Rick Martinez, the James Beard Award-winning author of "Salsa Daddy: Dipping Your Way into Mexican Cooking," spoke exclusively with Chowhound to share some expert advice on the subject, so you can cook an unforgettable version of the dish. For one thing, Martinez recommends multiple cuts of meat for carnitas, starting with pork shoulder. "The shoulder has a lot of really great fat," he says. "It also has a lot of flavor, and it kind of melts into this beautiful, velvety texture after a long period of cooking." He also likes to toss in some cubed pork belly, which not only adds to the flavor but helps create the perfect mix of textures when you fry up the pork belly to get a nice crispy skin. "When you bite into a piece of that kind of fried, crackling pork skin in a pork belly, plus that really, really soft unctuous shoulder, that to me is kind of perfection." It's the combination of cuts that gives carnitas what Martinez calls "heritage pig farm flavor," meaning that when you mix different cuts of meat, especially from a pig that is free range rather than industrialized, you get the complex porcine flavors that Mexican carnitas are known for.

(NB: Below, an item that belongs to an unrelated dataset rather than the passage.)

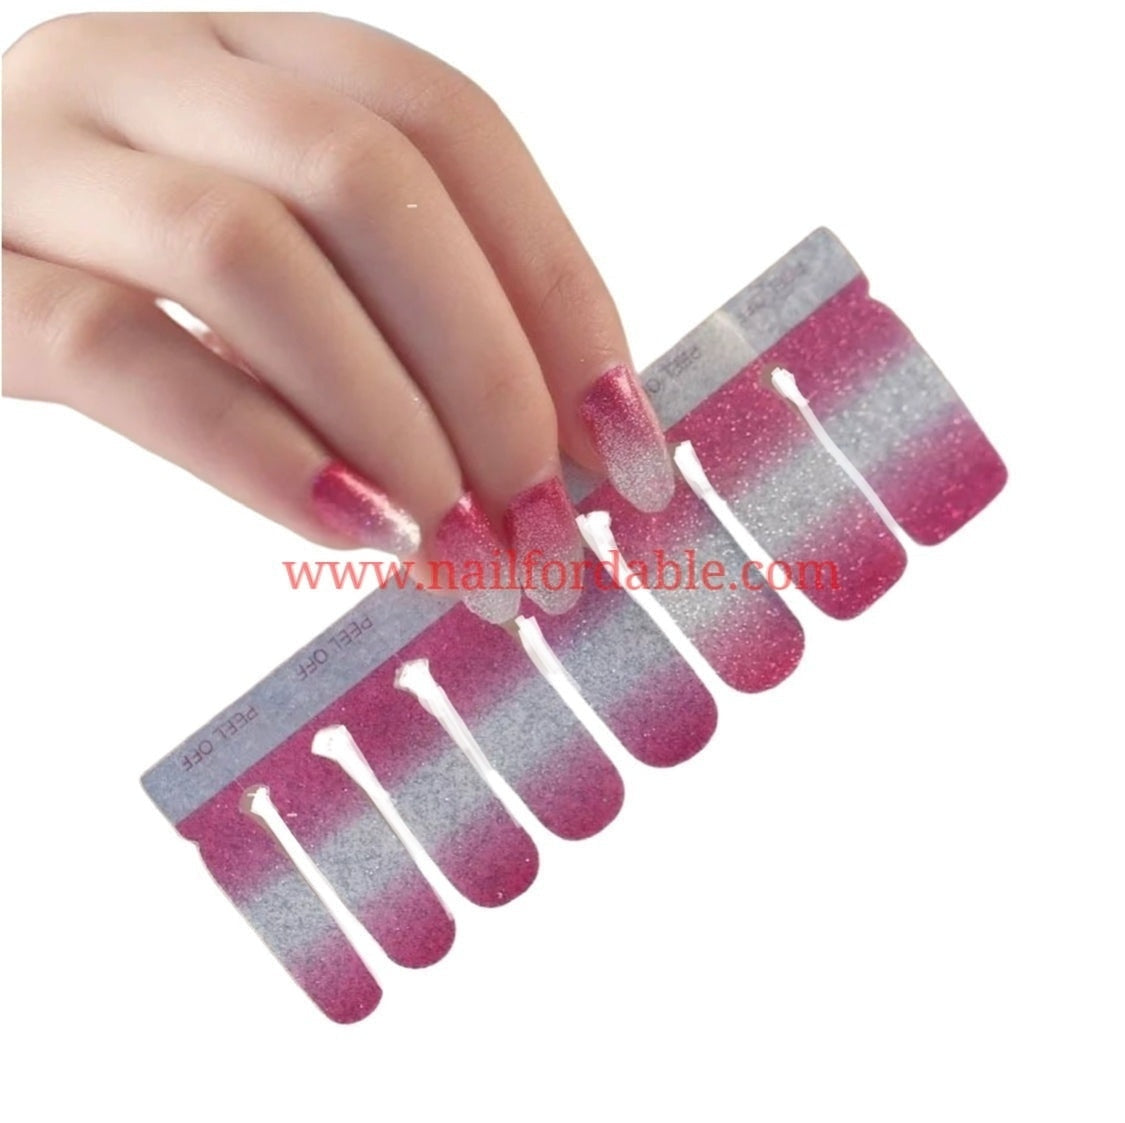 Pink and Silver gradient Nail Wraps | Semi Cured Gel Wraps | Gel Nail Wraps |Nail Polish | Nail Stickers

A surprising cut of meat packs a whole lot of flavor
Another cut that Martinez likes to cook with is one you might not automatically think of. Pig's feet, an underrated cut of pork, bring a unique flavor to the dish. He likes to add them in with the shoulder and belly because "the foot adds a lot more of that velvety, unctuous texture and umami, but it also gives you that little hint of what you would find in Mexico."

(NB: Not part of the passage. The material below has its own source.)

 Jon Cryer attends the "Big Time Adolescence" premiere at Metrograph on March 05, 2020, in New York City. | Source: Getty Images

Martinez also has some great advice for cooking them. "You could use a pound of belly, one small foot, and then one to two pounds of shoulder," he says. "And you could even go a little leaner on the shoulder because you've got a lot more fat from the belly and the pig foot." He also suggests cooking the seasoned meat in a Dutch oven at a low temperature — around 250 degrees Fahrenheit — for anywhere from four to seven hours, or even overnight. "Basically, you're cooking it until everything is literally falling apart," he says. "You push a spoon into it and it's like soft butter."

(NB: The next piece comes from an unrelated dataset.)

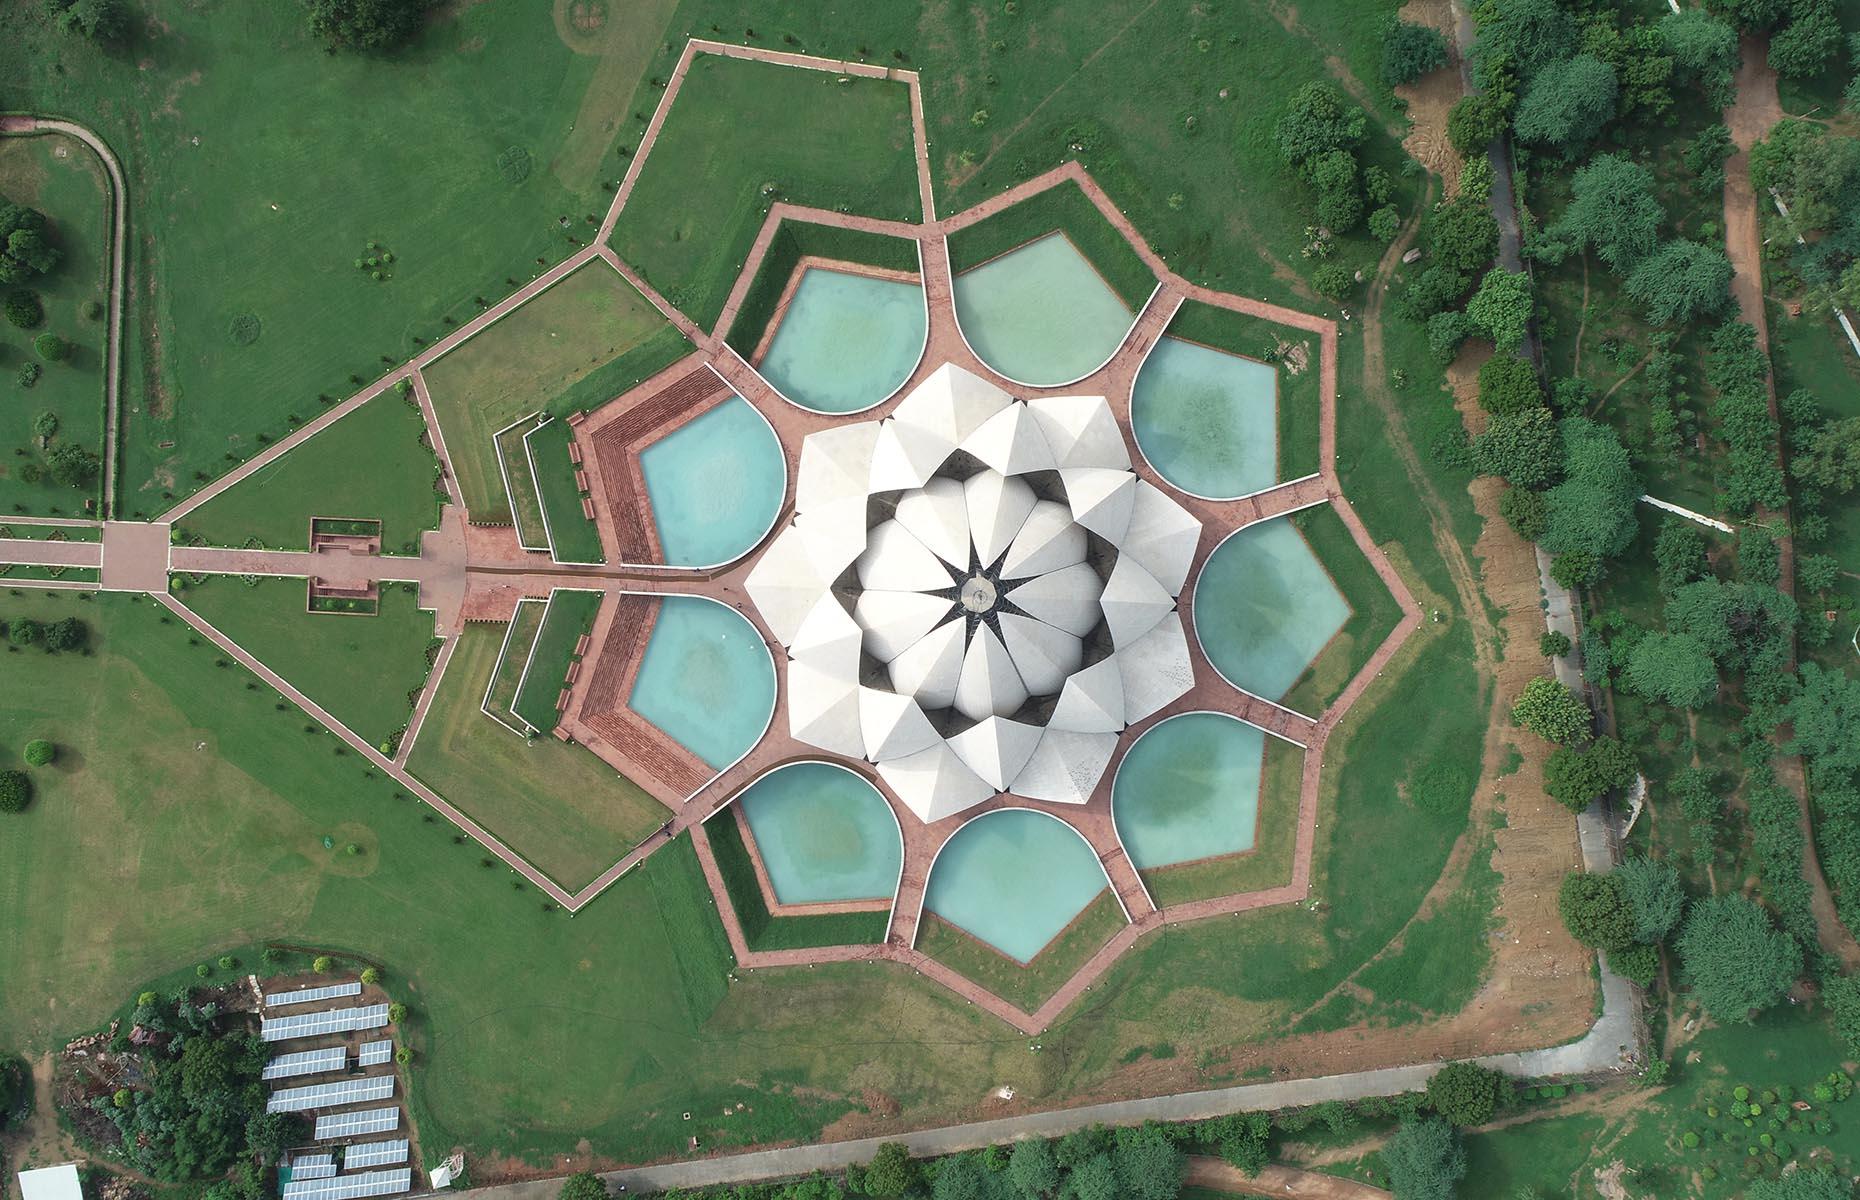 This temple, shaped like a lotus flower, is located in the second most populous country in the world.

When it comes to the feet, Martinez recommends removing the bones before cooking and making golden fried chicharrones with the skin. He also avoids using additional fat, like lard, because the meat itself provides plenty of fat on its own (which he likes to skim off and use for later, much like with duck fat). He also seasons judiciously, preferring to stick with basics like salt and pepper, but acknowledges that additional ingredients like orange, garlic, onion, cinnamon, nutmeg, and chili can all add to the flavor profile.